Pajak Bumi dan Bangunan (PBB) pun hanya berkontribusi Rp9,7 triliun. Hanya PPh Orang Pribadi yang tumbuh 2,46 persen. Bawono Kristiaji menerangkan ada dua cara bisa dilakukan pemerintah untuk mengejar target penerimaan pajak tahun ini.
“Pertama, mengejar pajak sektor digital, yaitu memperluas pihak yang ditunjuk jadi pemungut PPN impor digital, kepatuhan pajak dari ekosistem digital dalam negeri, dan mengenakan PPh perusahaan digital asing,” tuturnya. (Baca: Pajak Transaksi Digital Jadi Senjata Baru Dongkrak Penerimaan Negara )
Langkah kedua, menurutnya, meningkatkan kepatuhan dari kelompok high net worth individual.
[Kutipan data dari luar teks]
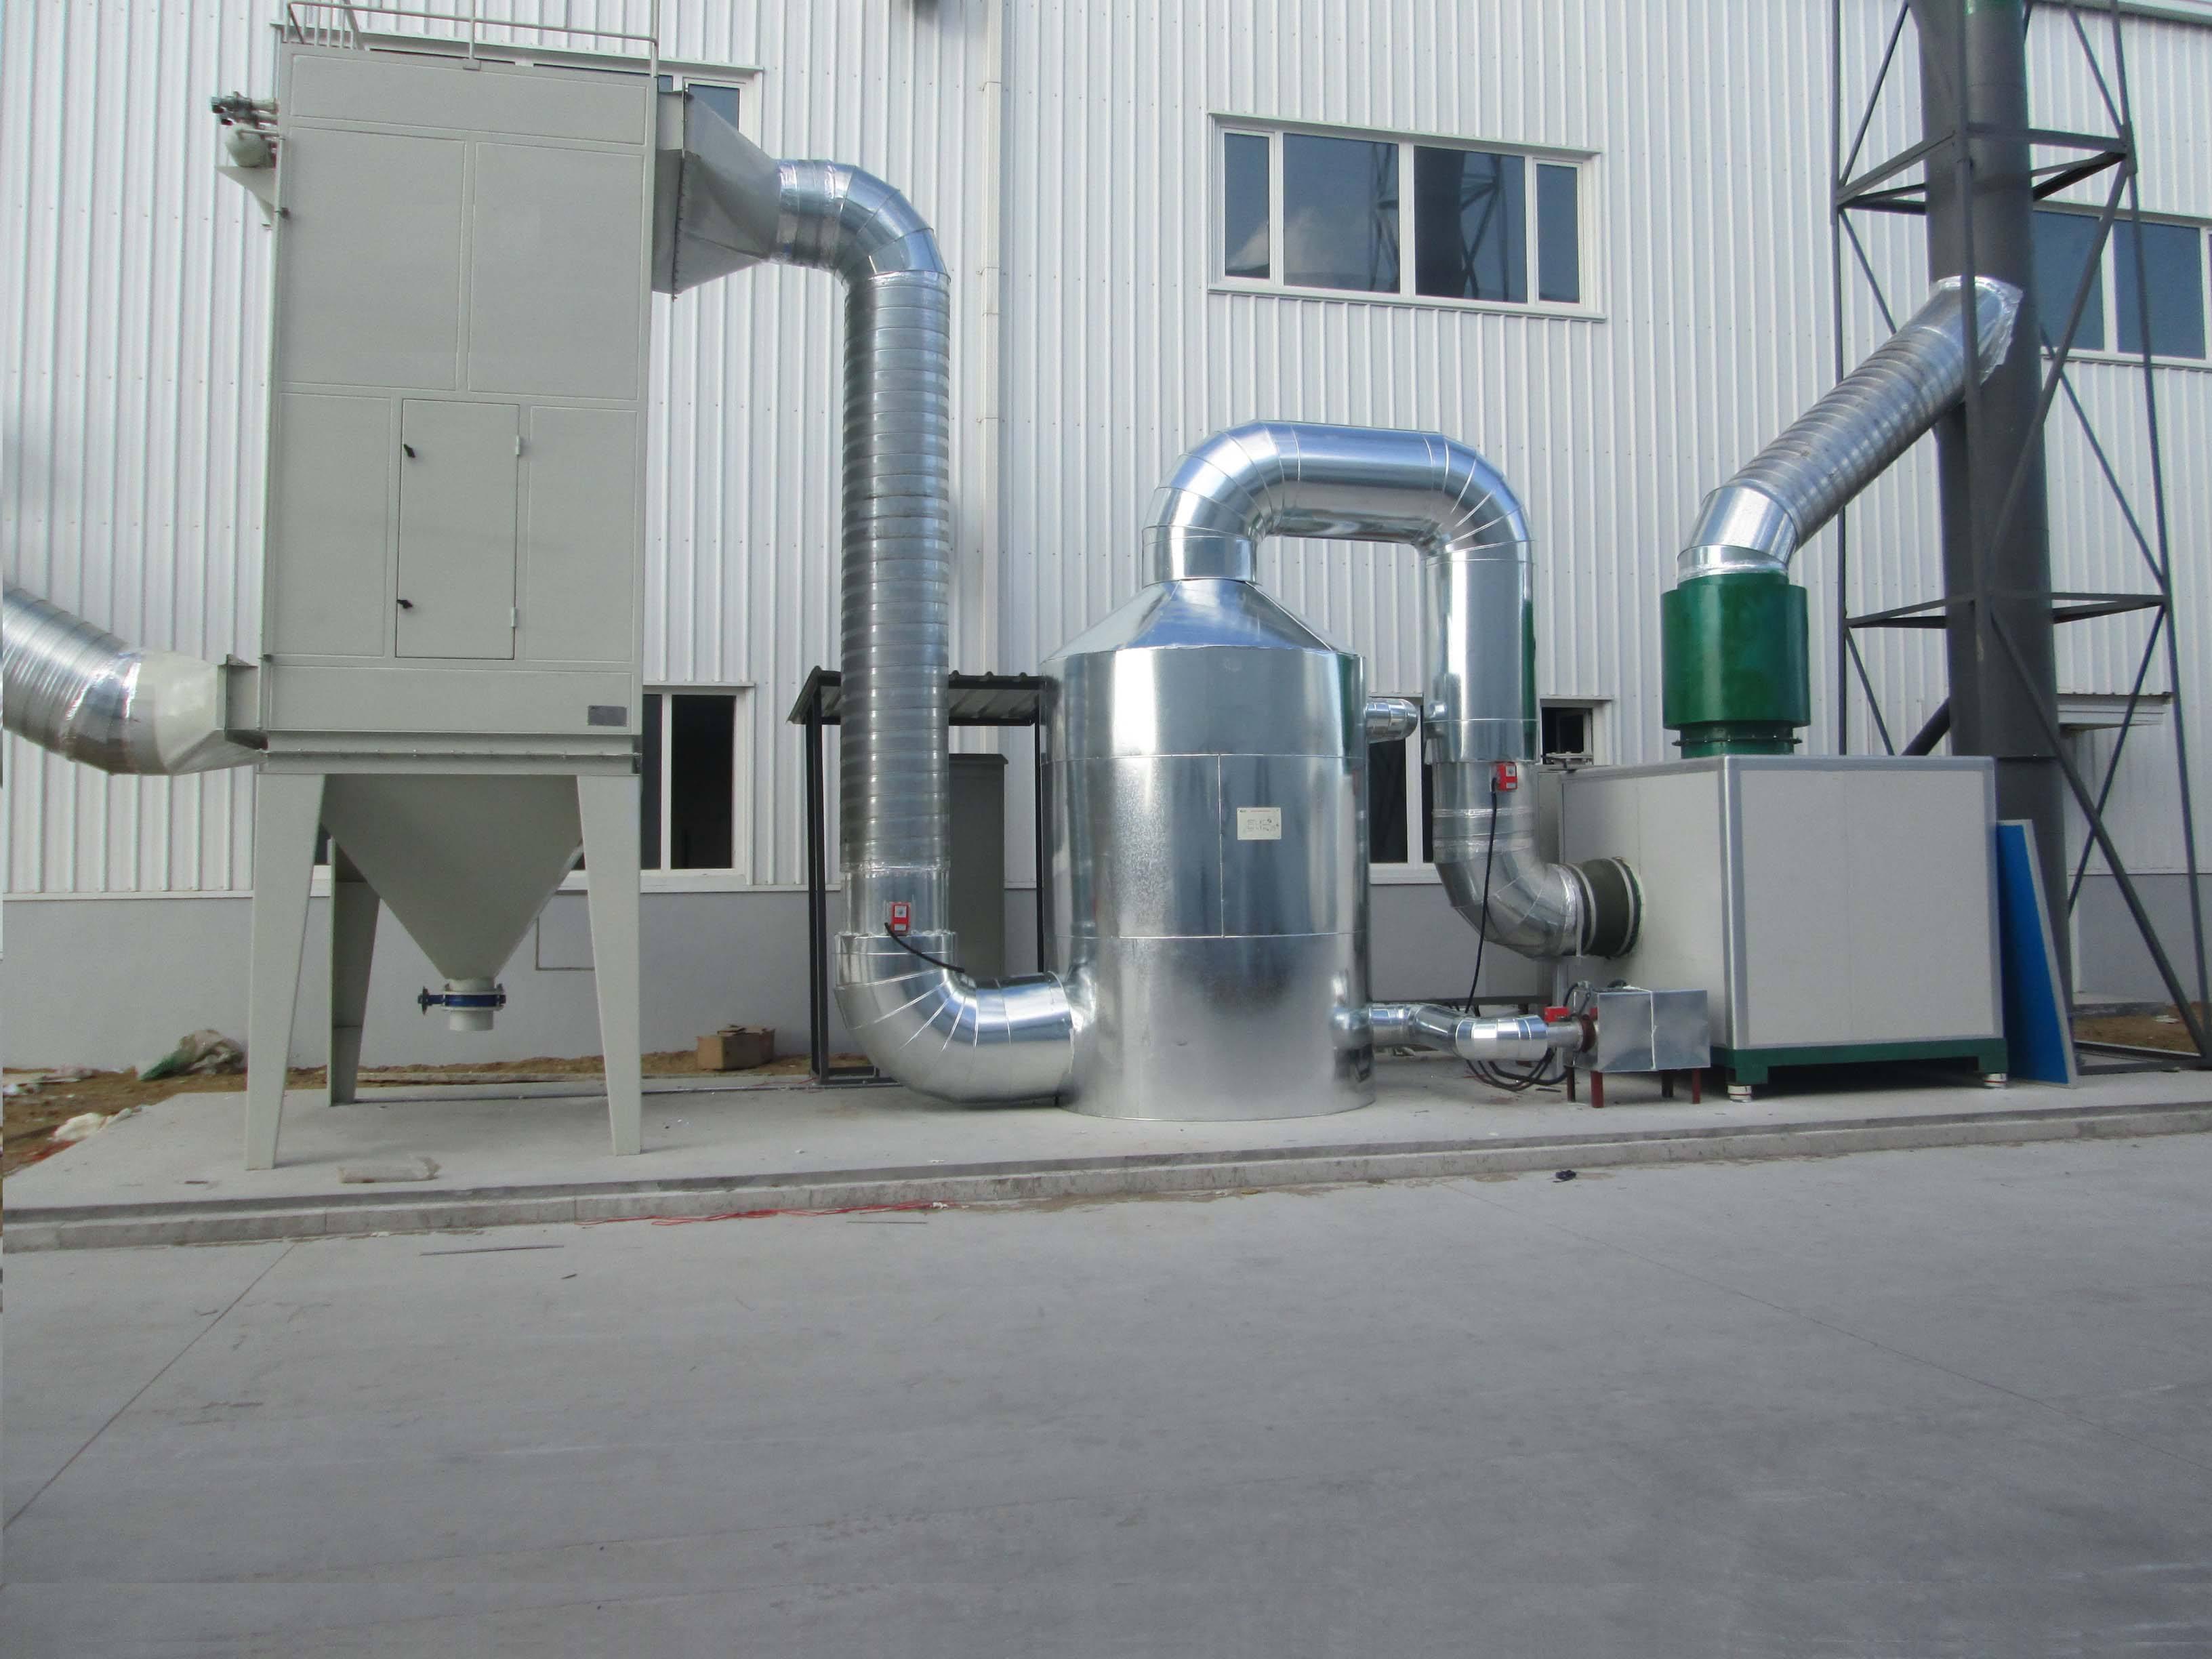 蓄热式催化燃烧系统

Ia menilai penerimaan dari sektor ini belum optimal. Penerimaan pajak yang terlihat seret tentu mengkhawatirkan. Sebab, pajak merupakan komponen utama dari anggaran pendapatan dan belanja negara (APBN). (Baca juga: Tekor! Sri Mulyani Sebut Defisit APBN 2020 Tembus Rp500 Triliun )
Sayangnya, Bawono tidak mau menjawab saat ditanya apakah pemerintah harus utang lebih besar untuk menambal kekurangan APBN. “No, comment,” ucapnya. Pemerintah sendiri menargetkan penerimaan pajak tahun 2021 sebesar Rp1.268 triliun. Ini akan menjadi tantangan tersendiri mengingat pagebluk Covid-19 belum berakhir dan ekonomi belum ada tanda-tanda membaik.
“Target tahun depan sebenarnya hanya tumbuh kurang dari 3 persen dari tahun 2020 seperti sebelumnya diatur dalam Perpres Nomor 72 Tahun 2020. Namun, semisalnya terdapat shortfall yang signifikan pada tahun ini tentu target tahun depan akan sulit dicapai. Persoalannya, pada umumnya pemulihan penerimaan pajak juga berjalan lebih lambat dari pemulihan ekonomi,” pungkasnya.